Linux kernel - 5.4.0+ (net-next from 27.11.2019) routing/network performance

From: "Paweł Staszewski" <pstaszewski@itcare.pl>
To: netdev@vger.kernel.org
Subject: Linux kernel - 5.4.0+ (net-next from 27.11.2019) routing/network performance
Date: Fri, 29 Nov 2019 23:00:01 +0100	[thread overview]
Message-ID: <81ad4acf-c9b4-b2e8-d6b1-7e1245bce8a5@itcare.pl> (raw)

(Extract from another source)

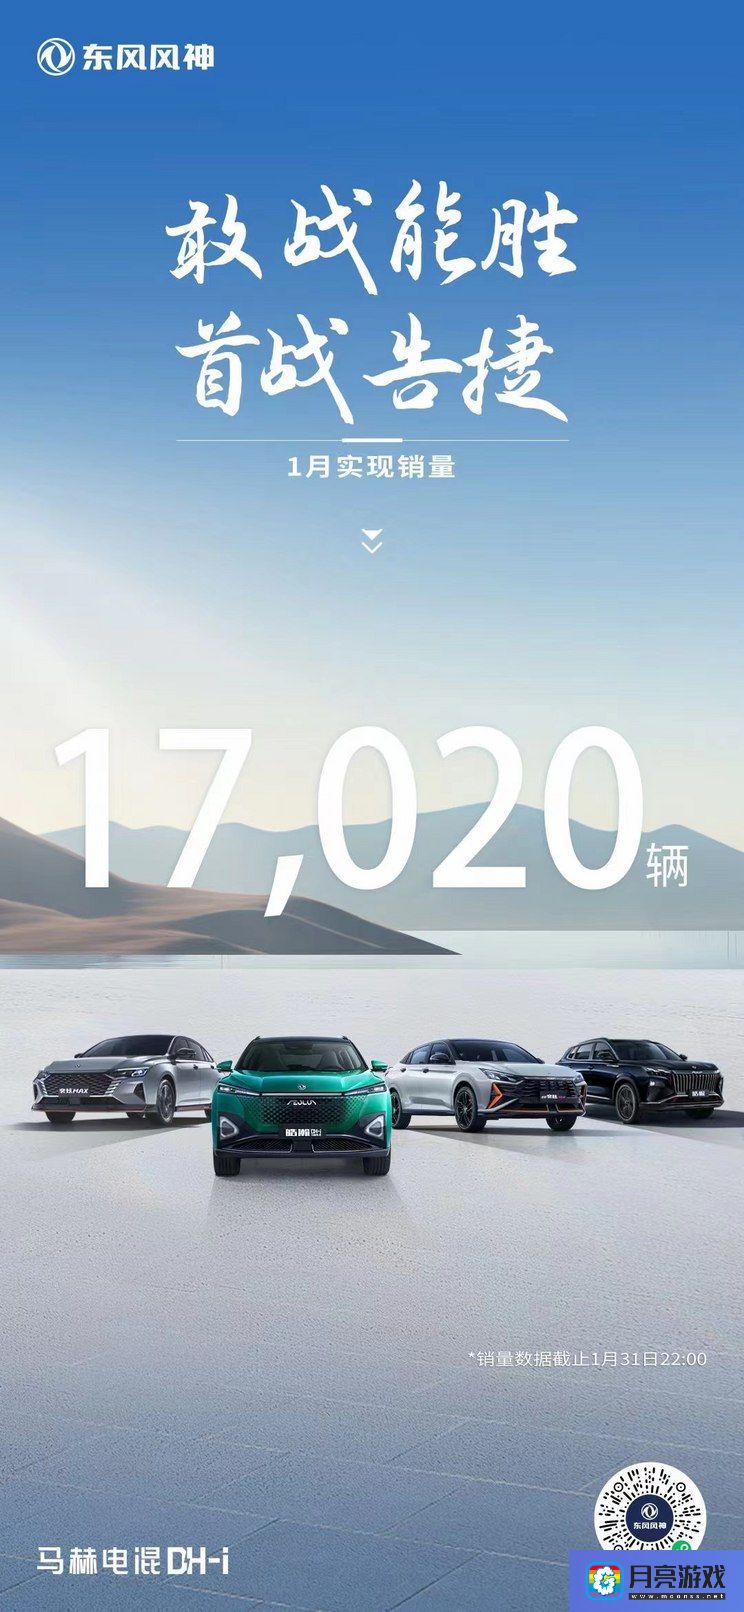 汽车-2年推5款新车 东风风神1月销量17020台-专题资讯

As always - each year i need to summarize network performance for 
routing applications like linux router on native Linux kernel (without 
xdp/dpdk/vpp etc) :)

HW setup:

Server (Supermicro SYS-1019P-WTR)

1x Intel 6146

2x Mellanox connect-x 5 (100G) (installed in two different x16 pcie 
gen3.1 slots)

6x 8GB DDR4 2666 (it really matters cause 100G is about 12.5GB/s of 
memory bandwidth one direction)

And here it is:

perf top at 72Gbit.s RX and 72Gbit/s TX (at same time)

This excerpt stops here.